Well, in the span of one week my sense of safety and my sense of comfort were completely taken away and I no longer saw God as any of those things. I was angry. I was angry at God and I was angry at the world. Why was having to go through all of these tragedies? Even one would have been hard enough, but two? The most repeated verse in my mind in the first days after the fire was “My God, my God, why have you forsaken me?” (Psalm 22:1). I felt forsaken, broken, and alone. I didn’t understand how He could let me go through such hardships. However, those feelings did not change the truth: God is still good.

God is good even when my life is not. At my high school graduation, my friend Abbey Johnson gave a beautiful speech where she said something along the lines of “I always used to hear people say that God has a plan for my life. I always thought that His plan was to make me happy in the end. But how selfish is that? God doesn’t have a plan for my life. He has a plan for the world and I am lucky enough to fit into that plan.” Sadly, there are terrible things happening in the world every day. Just because something bad recently happened to me does not change the fact that God has always been good and He will always be good. It is so incredibly selfish of me to think that just because I, one person out of the seven and a half billion people on this earth, had to face something challenging, God is no longer good.

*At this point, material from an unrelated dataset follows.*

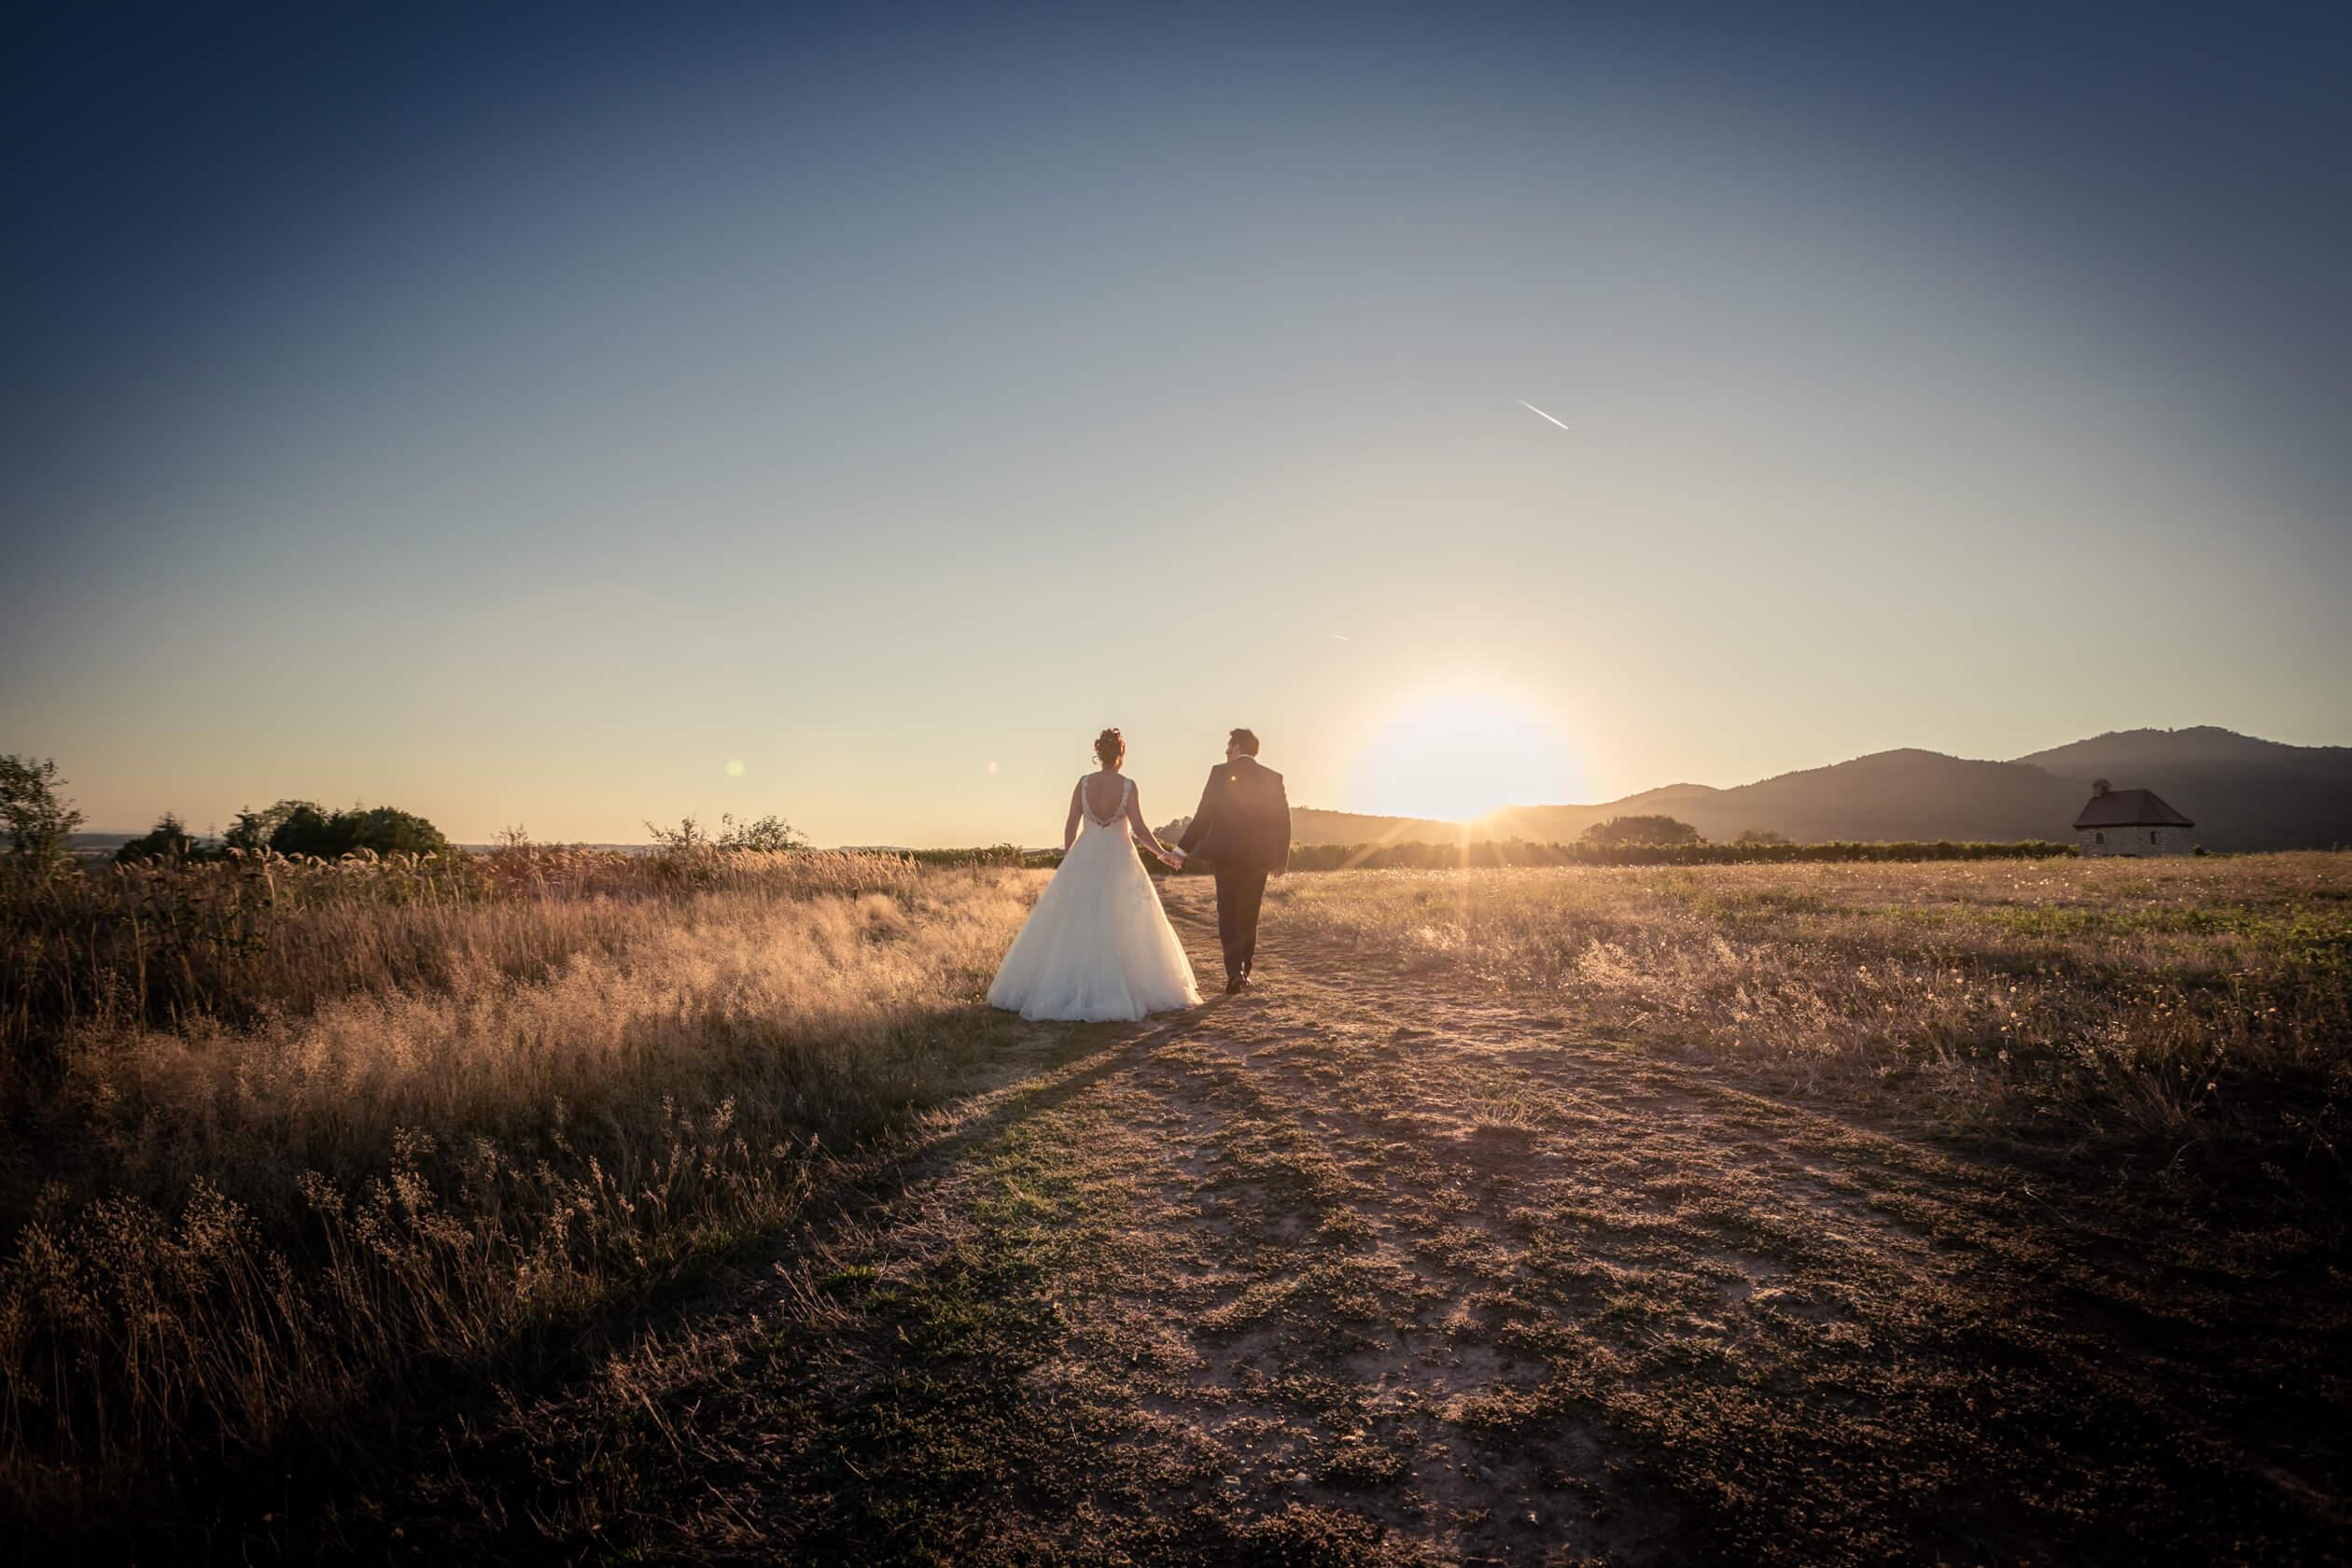 séance photo au coleil couchant en Alsace, mariage en Alsace

Instead of questioning God’s goodness, I began looking for evidence of his goodness in the world around me. I made it out of Borderline safely with no physical injuries. God is good. The day after Borderline I received almost 200 texts/calls from people checking in on me and telling me how loved I was. God is good. The two most sentimental items I own made it out of the fire. God is good. I had nine different people offer to let me live with them after the fire. God is good. I go to a University that truly cares about its students and has gone above and beyond to care for the 70+ students who have lost their homes. God is good. Once I started looking, I had a hard time not finding evidence of God’s goodness in every situation I’ve been through.

This is not to say that things have been easy or that I am not still struggling. Trauma recovery sucks, and replacing everything you own is extremely overwhelming. However, in the midst of all of that I stand firm on the belief that God is still good and that He has a plan. I can’t necessarily see it right now, but I know that one day He is going to use my story to help others and to glorify Himself in some pretty remarkable ways.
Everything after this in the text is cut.